Gasoline prices may have hit their summer high and could drop below $4

Gasoline prices may have peaked over the summer and are now heading towards $4 a gallon, but all bets are off if there’s a hurricane or other disruption that pushes gas prices up. much higher oil or compressing the fuel supply.

The national average for unleaded gasoline was $4.467 a gallon on Wednesday; prices have steadily declined from a nationwide high of $5.01 on June 14, according to AAA. Weekly gasoline demand data from the Energy Information Administrationor EIA, suggests drivers have reduced gas mileage and tight supplies are improving.

“I spoke to three major retail chains. … They all said demand over the last three weeks was down 5% or 6% from the same weeks last year,” said Tom Kloza , Head of Global Energy Research at OPIS.

“The most common price in the country starts with a ‘3’ handle, $3.99,” he said. That’s the price some big chains charge in areas where gas prices are lower, and analysts say there’s a psychological appeal to gas under $4.

Prices vary widely across the United States, with drivers in Georgia, for example, paying a relatively low price of $3.98 per gallon, while Californians pay $5.84 for unleaded, according to AAA.
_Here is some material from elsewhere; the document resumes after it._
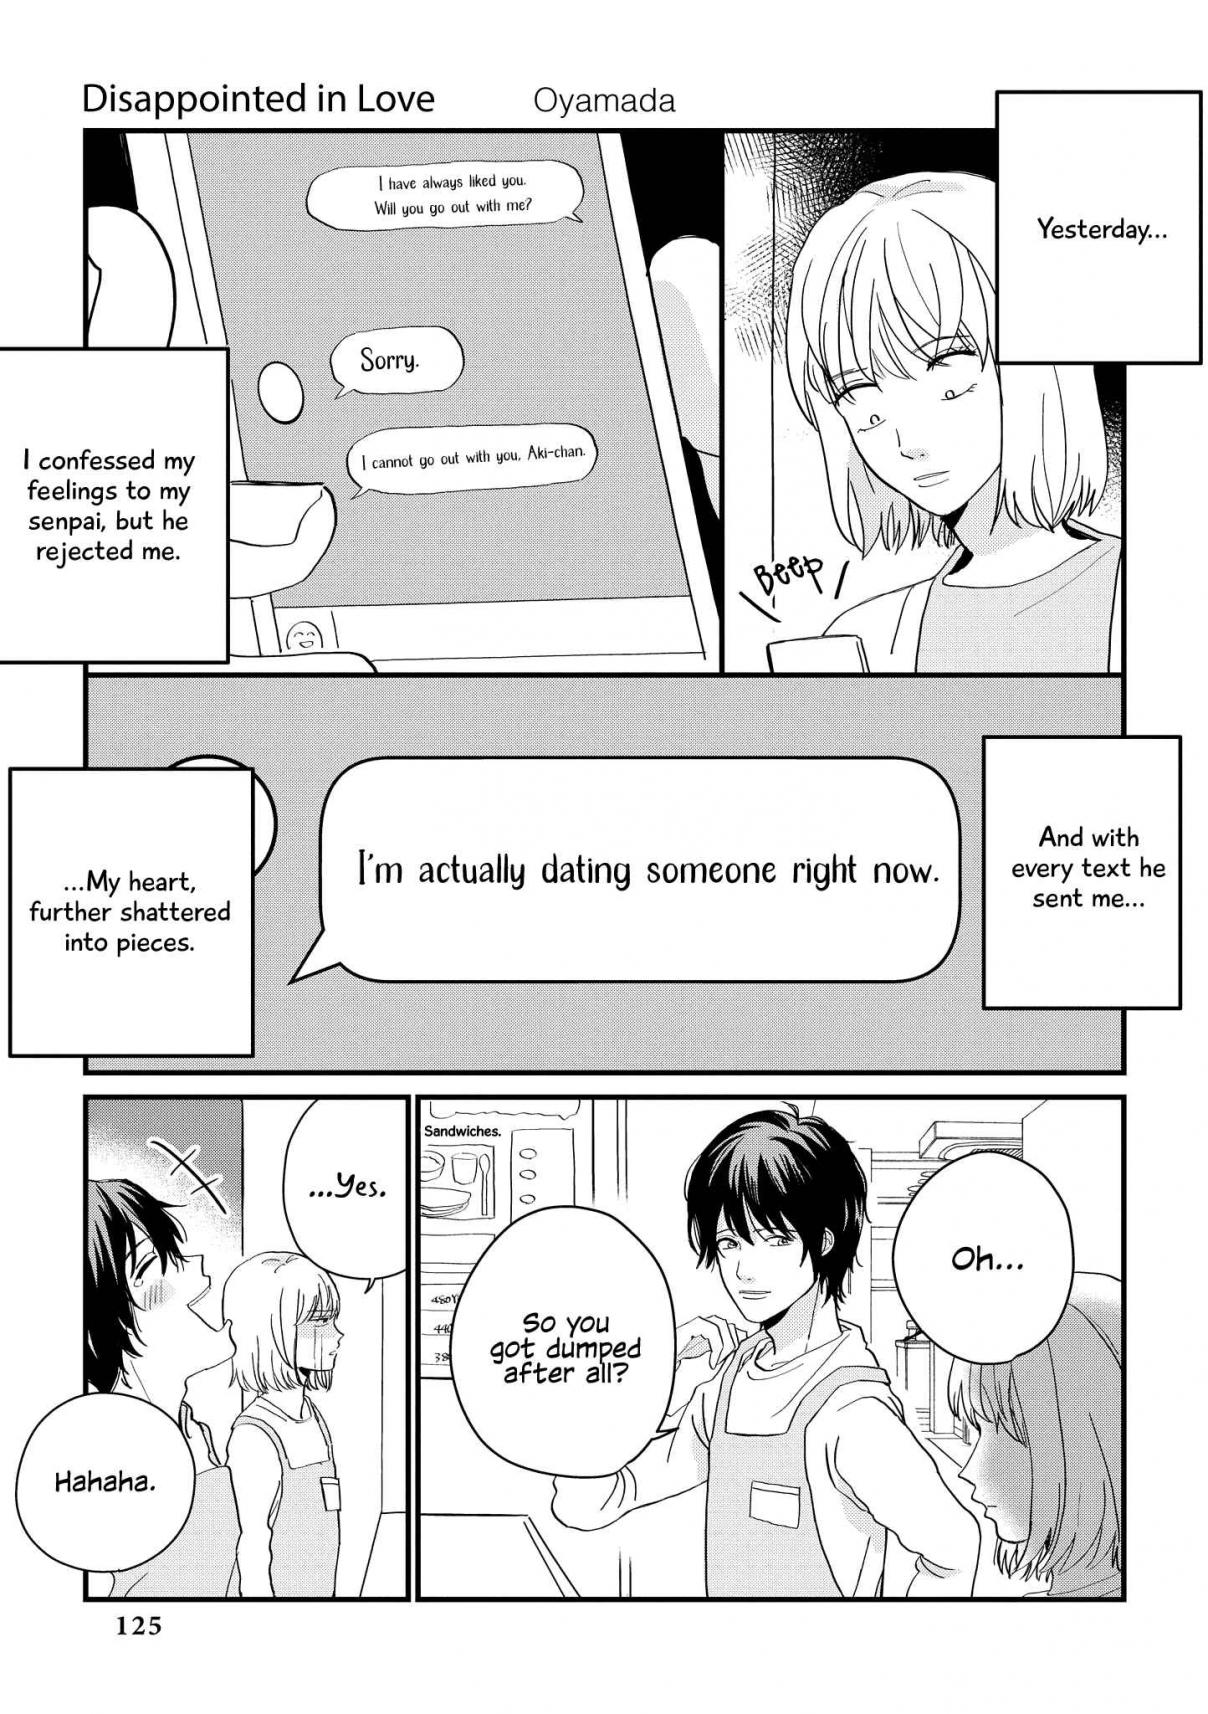 “It’s Too Precious and Hard to Read!!” 4P Short Stories Vol. 2 Ch. 47 Disappointed in love [by Oyamada]

Clearly, high prices have affected driver demand, but there may also be other factors at work, analysts say.

“I think it’s a combination of Covid and continuing to work from home,” Kloza said. Concerns about a recession also kept oil prices capped. But Kloza warns gasoline prices could rise to $5 later this year based on a number of factors.

On the one hand, Europe is expected to stop using Russian oil by the end of the year, and analysts fear this will put upward pressure on crude and fuel prices.
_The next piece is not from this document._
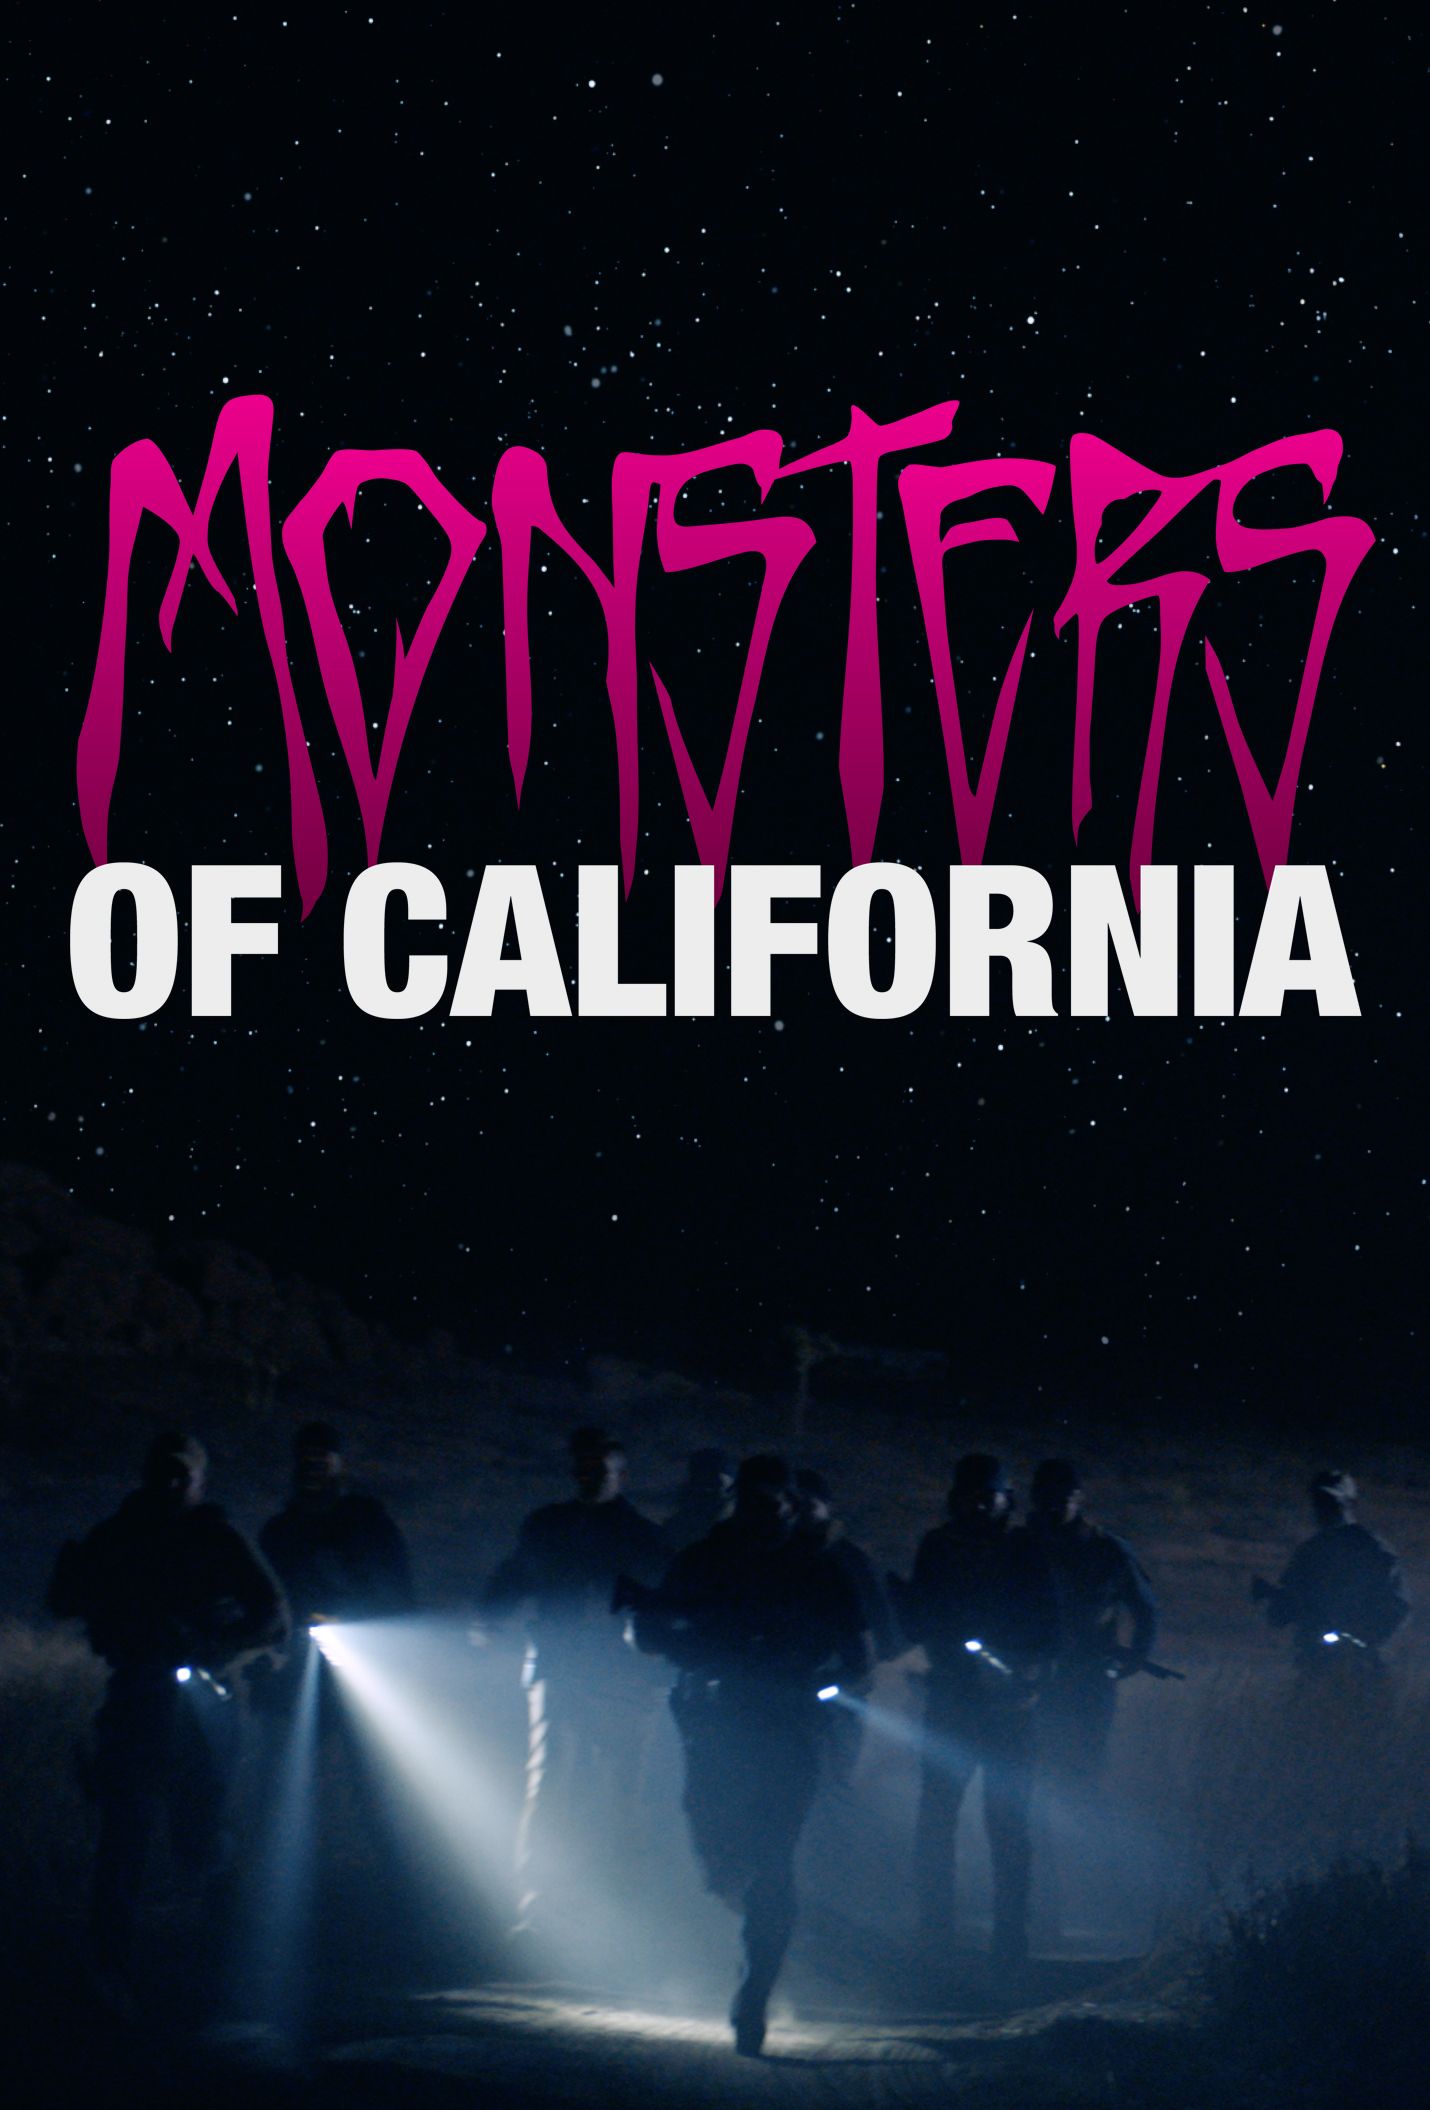 monsters of california (2021) MovieWeb

“If there are no incidents, problems with refineries in terms of outages or hurricanes, then yes,” gasoline prices will go down, Kloza said. “Crude oil inventories are about 152 million barrels behind last year. You might see crude prices take off, or maybe not. I don’t consider that a clear coast, but you will have a lot of people who will.”

Not since the 1970s have consumers been hammered by rising energy prices while the prices of other goods and services have risen sharply. Energy inflation can be explained nearly half of June’s 9.1% rise in the consumer price index.
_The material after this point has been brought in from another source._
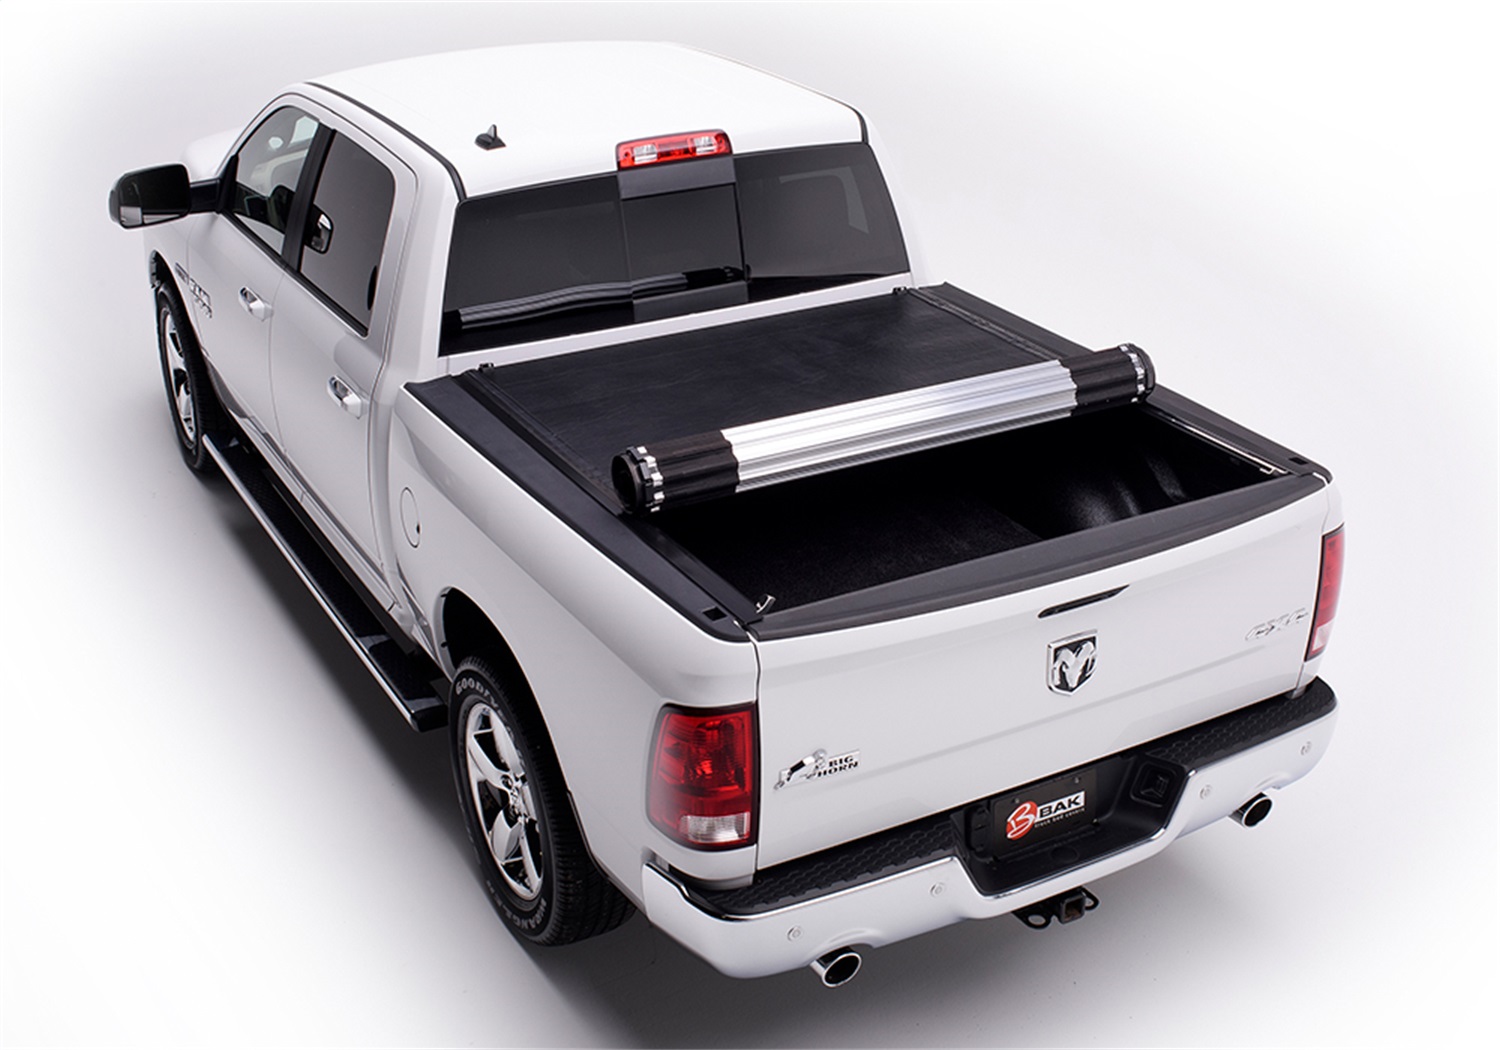 BAK Industries 39213 Revolver X2 Hard Rolling Truck Bed Cover

“With these higher prices across the board, people are being hit left, right and center. Discretionary conduct is just filed for now,” said Again Capital partner John Kilduff.

Oil prices are a big factor in gasoline prices, and crude has rallied recently after West Texas Intermediate crude fell into the low $90s a barrel this month. WTI futures were at $103.45 a barrel on Wednesday afternoon, down about 0.7%, according to the weekly gasoline demand decline report.

According to the EIA, gasoline demand was 8.5 million barrels per day last week, compared to 8.1 million barrels the previous week. Meanwhile, the four-week average was 8.7 million barrels per day, down from 9.3 million barrels a year earlier. Kilduff said pre-Covid demand would have been 9.5 million barrels per day or more at this time of year.

Analysts initially questioned the report showing such weak demand during Independence Day week and attributed it to possible data collection difficulties during the holiday period.

“It’s going down two weeks in a row. It’s starting to look like a reliable trend,” Kilduff said.

Patrick DeHaan, head of oil analysis at Gas Buddy, notes that gasoline stocks have also rebounded. Gasoline inventories rose by 3.5 million barrels last week to a total of 228.4 million barrels, according to the EIA.

“We’re still a little tighter on supply than I would like for hurricane season, but we’ve seen gasoline inventories build up now in four of the last five weeks,” DeHaan said. He said that should drive down RBOB gasoline futures, which represent the expected price of gasoline in New York Harbor.

RBOB futures were down 0.7% on Wednesday afternoon, trading at around $3.28 a gallon.

“I still think it’s a possibility that we get $3.99 nationwide [by mid-August]”, DeHaan said. “It can certainly be derailed by unplanned shutdowns, better-than-expected economic data and hurricanes.”

DeHaan said the concern is that a severe hurricane will hit Gulf Coast production and refining centers in Texas and Louisiana. Refineries operated at full capacity, although utilization fell to 93.7% last week, down 1.2 percentage points.

DeHaan said the drop in demand could be something of an anomaly, and he speculated it could be caused by gas stations delaying orders, waiting for even lower prices.

“I think Labor Day might end up being the cheapest summer vacation at the pump,” DeHaan said. “We may have expectations of what shows up in the economic data, but we have no expectations of what happens in the Atlantic or the tropics. The wildcard this year is hurricane season. … If we get a Harvey or an Ida shutting down oil and gas production, we could get back to record highs. We’re not safe.

In late May, JPMorgan predicted gasoline could hit $6.20 a gallon by the end of the summer.